Our next question comes from the line of Navin Sahadeo from ICICI Securities.

Navin Sahadeo

Analysts
#140

Yes, just last 2 people are there for the questions. Sir, just 2 questions from my side. So in the initial comments or maybe to the answer to 1 of the questions, you said -- I mean according, you said that the incentives for Meghalaya, though we are like working with the state, but nothing is promised that yet. Is this a new policy or any change in policy for the state or it's -- just let me understand this because other companies, which are automating.

Ashok Bhandari

Executives
#141

Navin, [Foreign Language].

Navin Sahadeo

Analysts
#142

Understood. Understood. Sir, my second question was about the North region. I think some time back, Bangurji in TV interview had said, that they might lose some market share in the north region because of the certain I think upcoming capacity.

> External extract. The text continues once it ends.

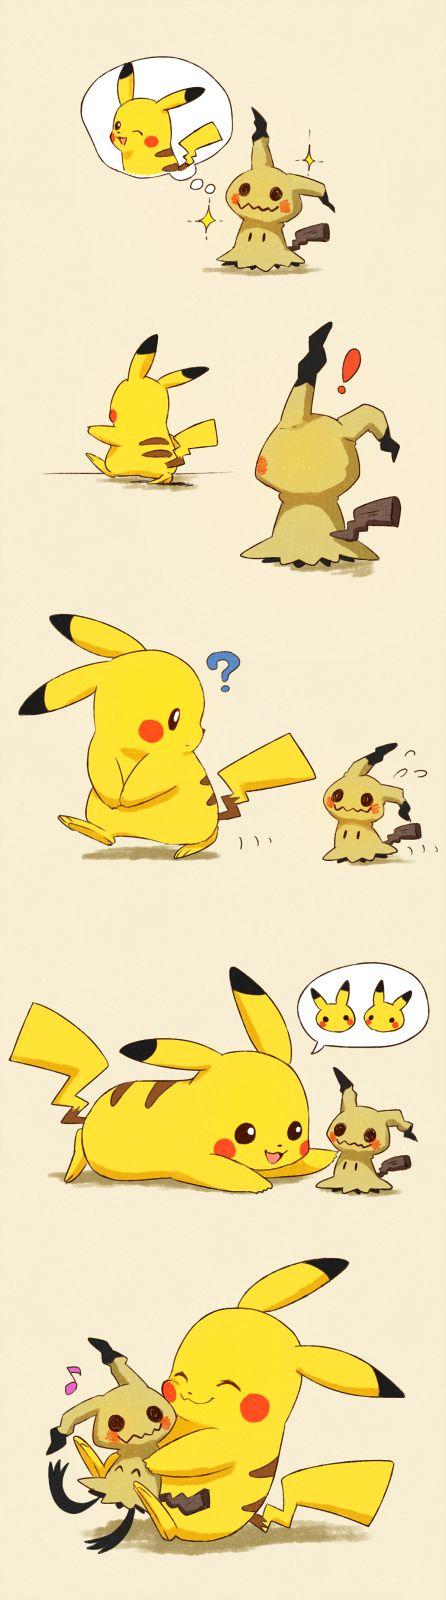 Pikachu and Mimikyu                                                                                                                                                                                 More

And -- but this quarter, our volume growth has been definitely like much better than the previous quarters. And also the strategy is very consciously towards focusing on volumes. -- now that we have...

Ashok Bhandari

Executives
#143

[Foreign Language]. No, I said that we sacrificed volume to reach a price point. And once we reach that price point, and it became acceptable to all, we sold as much as we could, sir. So how volume rate is correct. How very volume at is curation [Foreign Language]. It is not that we are reinventing the equation, when do our volume to volume. Profitability is our main concern. We remain focused on profitability. [Foreign Language]. Navin, are we through.

Navin Sahadeo

Analysts
#144

Yes, we can conclude that one. Can you please go ahead.

Operator

Operator
#145

that was the last question for today. I now hand the conference over to the management for the closing remarks. Thank you, and over to you, team.

Neeraj Akhoury

Executives
#146

Thank you, everybody. Thanks for this -- for the call, and thank you for participating. Be rest assured that despite all the numbers that we have shared -- and thank you for wishing us well on this 11% volume growth. Many things will continue to unfold in jury cement. We will continue to sharpen our approach and focus on cost. We'll also continue to work on our premium products. As you have seen, we have now crossed 22%. Up by about 40% from 15% to 22%, yes.

Unknown Executive

Executives
#147

140% there is an increase in the sale in last 2 years, from 9% to 22%.

Neeraj Akhoury

Executives
#148

The 9% to 22%. So we are doing everything possible on using all the levers, be it on the cost of edotherevenue side. better performance in the coming quarters. In China, whatever is the macroeconomic conditions will be impacted. But within those conditions, Shree will do its best to continue to deliver some superior results. Thank you, everybody, and have a very good evening. Bye-bye.

Operator

Operator
#149

Thank you, so much sir. Ladies and gentlemen, on behalf of ICC Securities Limited, that concludes this conference. Thank you for joining us, and you may now disconnect your lines. Thank you.